*** Opening of Provided records ***
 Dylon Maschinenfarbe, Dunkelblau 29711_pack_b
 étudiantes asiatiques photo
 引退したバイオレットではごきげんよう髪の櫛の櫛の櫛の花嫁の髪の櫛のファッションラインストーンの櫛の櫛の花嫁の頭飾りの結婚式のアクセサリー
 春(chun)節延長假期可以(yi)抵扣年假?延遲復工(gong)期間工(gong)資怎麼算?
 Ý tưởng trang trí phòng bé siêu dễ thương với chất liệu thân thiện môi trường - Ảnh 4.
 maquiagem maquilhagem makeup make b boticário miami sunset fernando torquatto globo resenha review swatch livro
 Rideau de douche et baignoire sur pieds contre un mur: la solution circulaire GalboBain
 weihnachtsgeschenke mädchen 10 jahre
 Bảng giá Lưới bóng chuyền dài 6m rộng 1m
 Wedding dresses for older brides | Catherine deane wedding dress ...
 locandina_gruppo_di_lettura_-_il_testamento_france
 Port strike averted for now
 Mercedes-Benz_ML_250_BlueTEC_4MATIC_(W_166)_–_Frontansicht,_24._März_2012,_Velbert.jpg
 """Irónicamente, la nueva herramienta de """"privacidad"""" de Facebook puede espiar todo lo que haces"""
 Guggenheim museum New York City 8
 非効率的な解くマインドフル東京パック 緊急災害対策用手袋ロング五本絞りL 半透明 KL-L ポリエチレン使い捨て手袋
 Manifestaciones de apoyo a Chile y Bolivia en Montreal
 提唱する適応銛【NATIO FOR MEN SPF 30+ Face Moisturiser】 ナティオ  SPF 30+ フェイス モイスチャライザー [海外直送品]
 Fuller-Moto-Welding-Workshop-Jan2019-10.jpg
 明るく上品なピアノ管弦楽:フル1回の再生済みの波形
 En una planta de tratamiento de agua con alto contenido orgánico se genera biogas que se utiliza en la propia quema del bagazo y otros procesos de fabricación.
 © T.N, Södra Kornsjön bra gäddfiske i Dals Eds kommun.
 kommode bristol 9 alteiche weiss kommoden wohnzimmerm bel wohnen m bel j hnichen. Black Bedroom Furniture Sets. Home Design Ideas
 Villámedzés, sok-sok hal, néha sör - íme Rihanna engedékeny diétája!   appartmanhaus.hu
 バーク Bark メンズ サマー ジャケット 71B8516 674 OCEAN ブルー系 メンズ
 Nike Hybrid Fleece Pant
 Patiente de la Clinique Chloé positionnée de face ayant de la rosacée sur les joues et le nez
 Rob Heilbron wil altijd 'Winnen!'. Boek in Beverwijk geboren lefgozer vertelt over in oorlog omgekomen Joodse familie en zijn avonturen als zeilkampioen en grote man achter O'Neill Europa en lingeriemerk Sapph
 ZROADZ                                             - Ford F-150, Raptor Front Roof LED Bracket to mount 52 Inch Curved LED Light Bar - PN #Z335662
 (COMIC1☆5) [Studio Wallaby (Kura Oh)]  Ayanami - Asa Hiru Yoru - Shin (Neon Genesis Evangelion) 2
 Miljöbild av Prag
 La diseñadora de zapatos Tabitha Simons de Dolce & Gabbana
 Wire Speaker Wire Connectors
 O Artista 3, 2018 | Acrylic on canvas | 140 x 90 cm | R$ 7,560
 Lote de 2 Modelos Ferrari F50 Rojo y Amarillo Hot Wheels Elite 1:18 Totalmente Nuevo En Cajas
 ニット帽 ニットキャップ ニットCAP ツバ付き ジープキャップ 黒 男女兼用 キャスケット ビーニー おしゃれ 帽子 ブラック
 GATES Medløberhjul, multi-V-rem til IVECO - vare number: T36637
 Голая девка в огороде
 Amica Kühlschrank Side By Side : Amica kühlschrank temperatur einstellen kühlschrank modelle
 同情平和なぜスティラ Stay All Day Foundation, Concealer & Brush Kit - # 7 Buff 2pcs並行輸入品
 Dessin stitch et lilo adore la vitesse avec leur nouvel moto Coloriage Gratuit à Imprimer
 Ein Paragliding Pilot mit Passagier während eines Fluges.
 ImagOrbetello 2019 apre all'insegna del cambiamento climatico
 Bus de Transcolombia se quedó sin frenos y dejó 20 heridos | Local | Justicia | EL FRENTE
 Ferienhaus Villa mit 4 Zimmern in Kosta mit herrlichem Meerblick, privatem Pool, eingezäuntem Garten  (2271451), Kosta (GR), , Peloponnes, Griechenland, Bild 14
*** Close of Provided records ***
Among the entries above, copy exactly only the lines starting with the one containing "kommode bristol 9" and going through the one containing "Patiente de la", both ends included.

**Reply to the task**
 kommode bristol 9 alteiche weiss kommoden wohnzimmerm bel wohnen m bel j hnichen. Black Bedroom Furniture Sets. Home Design Ideas
 Villámedzés, sok-sok hal, néha sör - íme Rihanna engedékeny diétája!   appartmanhaus.hu
 バーク Bark メンズ サマー ジャケット 71B8516 674 OCEAN ブルー系 メンズ
 Nike Hybrid Fleece Pant
 Patiente de la Clinique Chloé positionnée de face ayant de la rosacée sur les joues et le nez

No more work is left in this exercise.